Tricom Tornado Quin 42
A very highly specified model ideal for applications where large amounts of data are transferred, particularly where noisy lines might be encountered. Can provide data throughput of up to 19,200bps on dial-up lines if a compatible modem is at the other end. Offers remote diagnostics and configuration, making remote site maintenance and support easier. Has built- in password security. Supports MNP error correction and data compression up to Class 10, which includes adverse channel enhancements. For people using the same modem at either end of the line (eg, over a leased line) modems can be set up to automatically exchange passwords for identification. Conforms to V42 standard, but will also handle V32 without problems. In autoanswer mode, can be set to answer after 0-255 rings. Error correction protocols include MNP Class 4 and V42 LAP M. Data compression is compatible with MNP Class 5 and V42bis. Provides three flow control options – XON/XOFF, RTS/CTS and HP ENQ/ACK. Offers automatic detection of remote modem and error correction.

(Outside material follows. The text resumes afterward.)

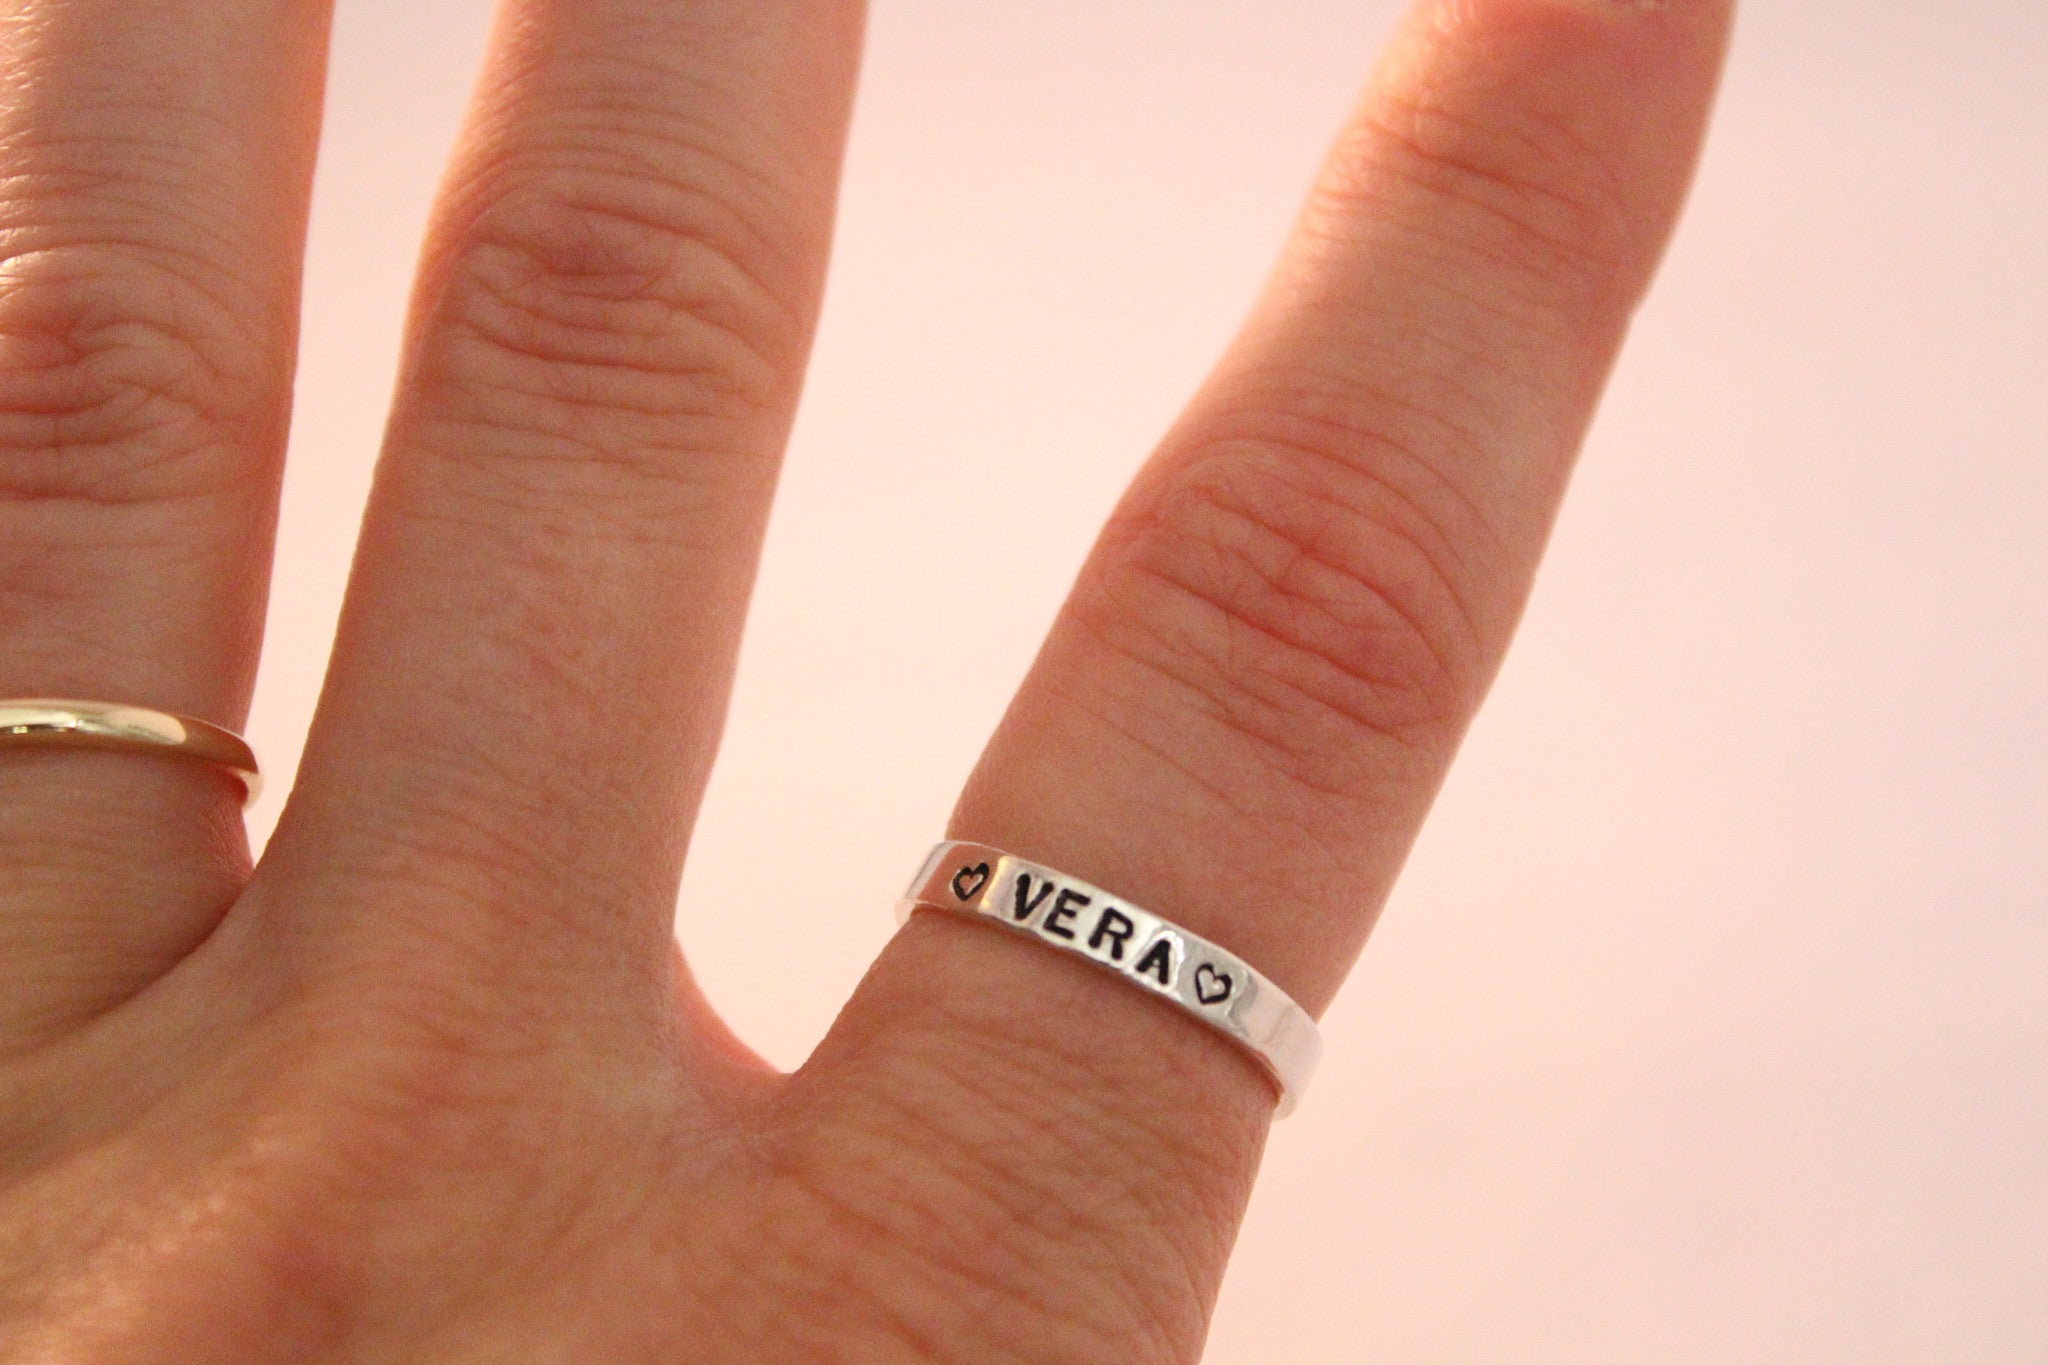 Personalized name ring, band, stacking ring

Can operate as a synchronous data pump using V22, V22bis and V32 protocols. Supports 8-11 bit character formats including the Wang 2200 protocol. Parameters can be set with dip switches or Hayes-compatible AT commands. Available in stand-alone and rackmount versions.

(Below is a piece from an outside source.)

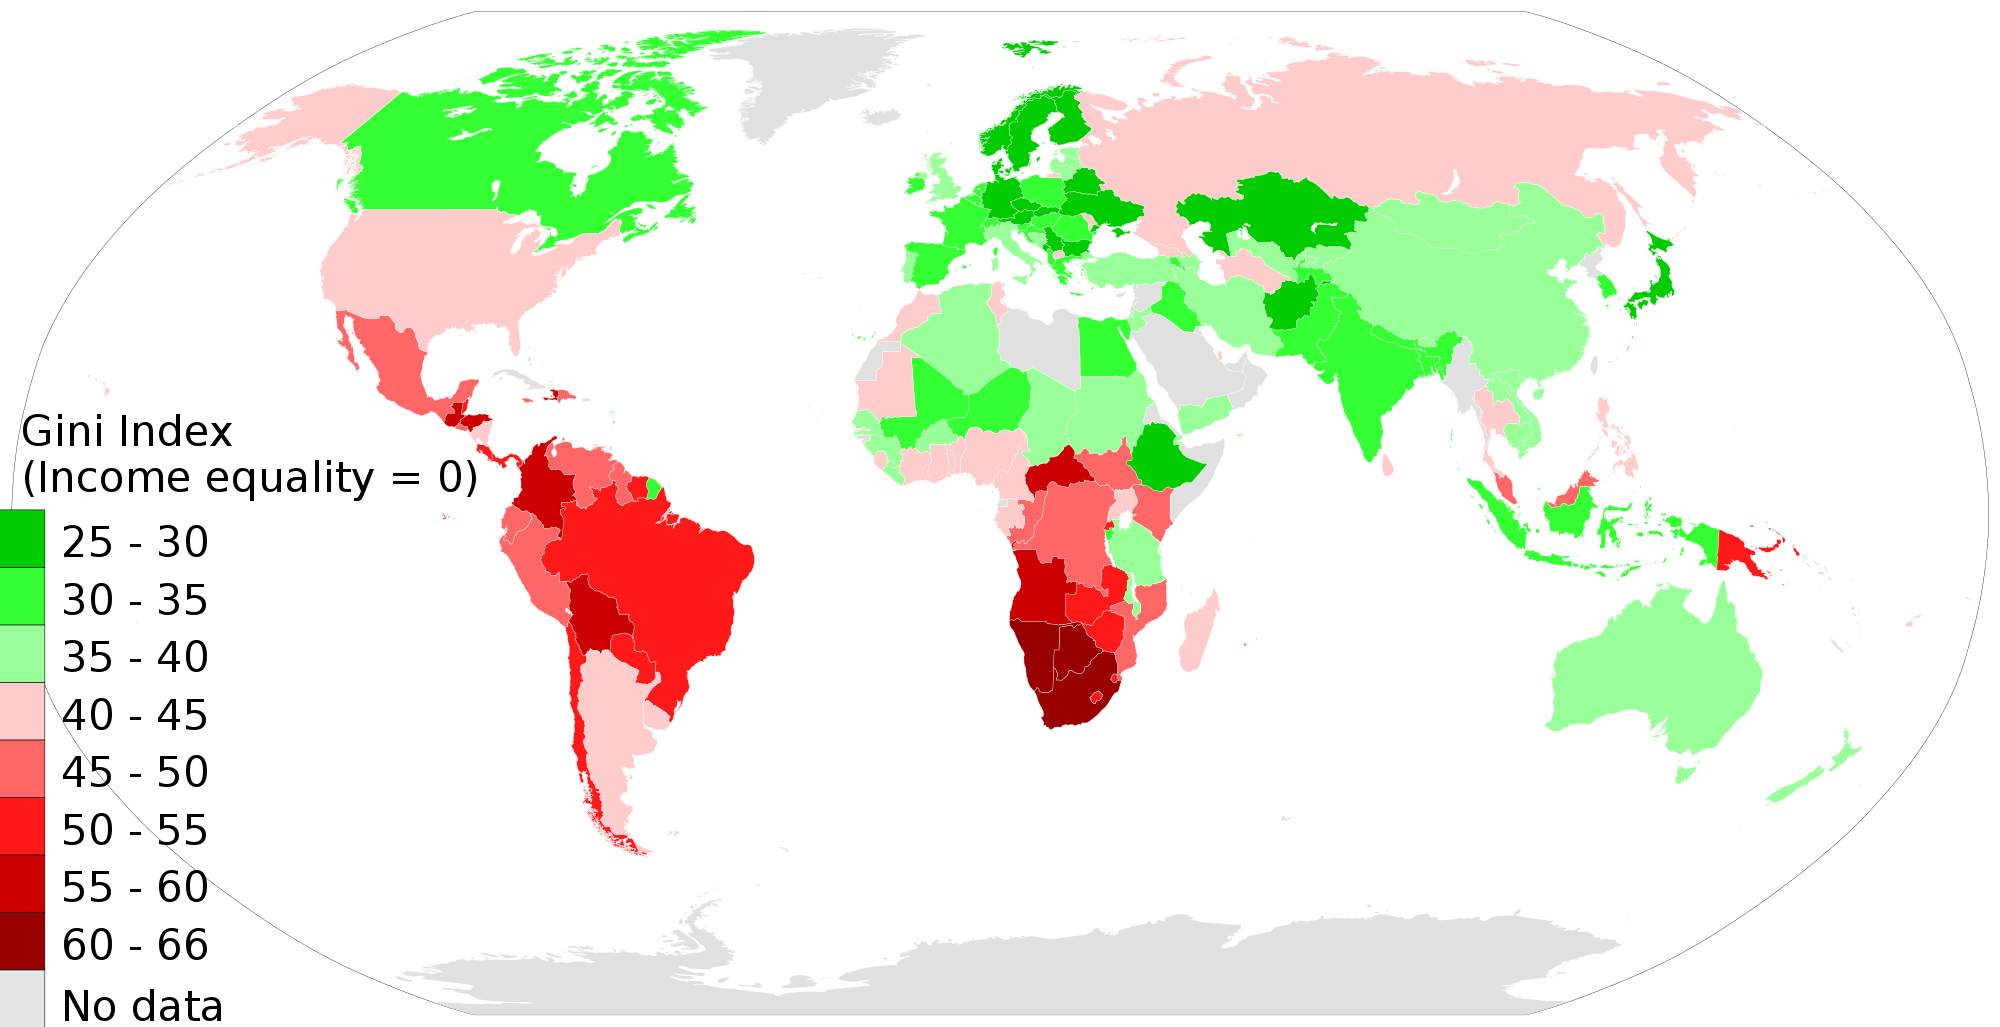 2000px-2014_Gini_Index_World_Map,_income_inequality_distribution_by_country_per_World_Bank.svg.png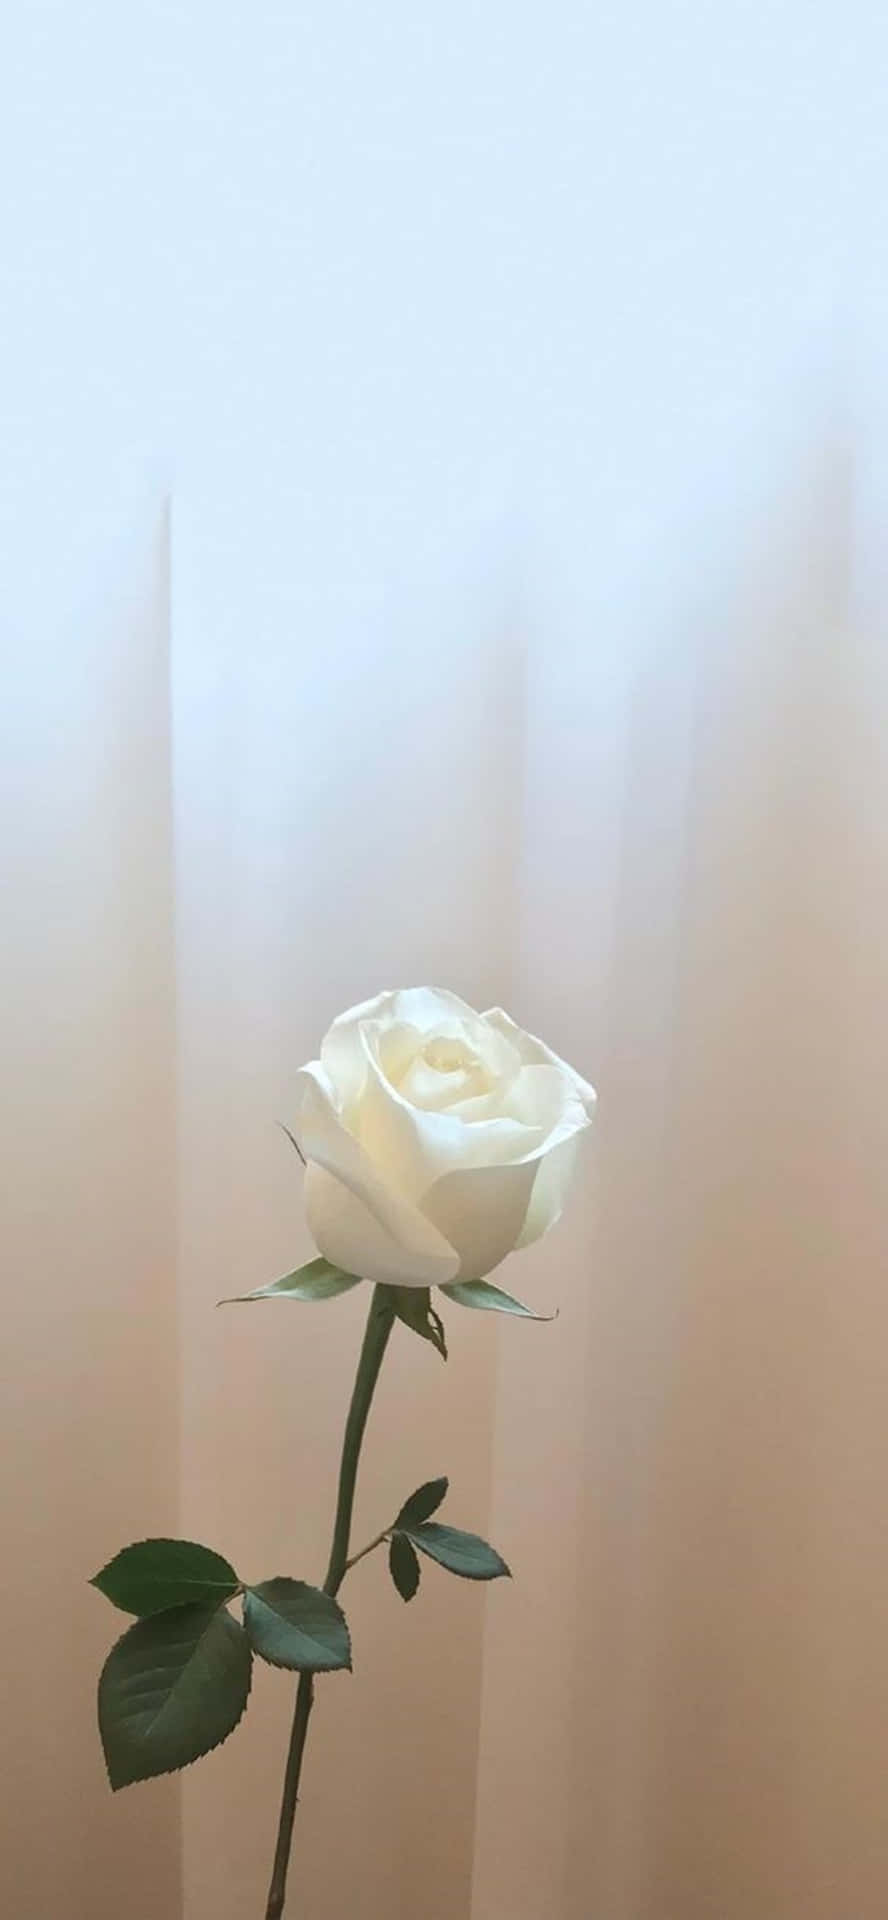 A velvety white rose beneath a bewitching night sky. Wallpaper

One of the more unusual electronic organiser/notepad machines. Uses five keys not found on other machines: these are laid out to fall naturally to the fingers and thumb of your right hand. Characters are entered by pressing combinations of these keys – a system that is claimed to be easily-mastered and fast. Alpha keys are provided too, and laid out in alphabetic, rather than Qwerty, order. The 20-character, four-line LCD screen is small, but uses large, easily-read characters. Offers notepad, diary, simple database and scheduling applications. Notepad includes word searching. Diary and scheduling options include alarm functions. Plug-in cards offer memory expansion, ABC programming language, spreadsheet, finance and maths functions and lithium battery-backed memory back-up. Basic model has 32K memory, which can be factory- expanded to 64K. A 64K version is available, too. Versions available with 15-hour or 40-hour built-in batteries (with no price difference). The 15-hour version is identified by the letter ‘L’ after the model name on the back of the machine. Supplied AC adapter also charges the battery in around one hour. Adapter can be bought for disposable 9v batteries. Optional kits available to link the Agenda to a PC or Macintosh for data transfer.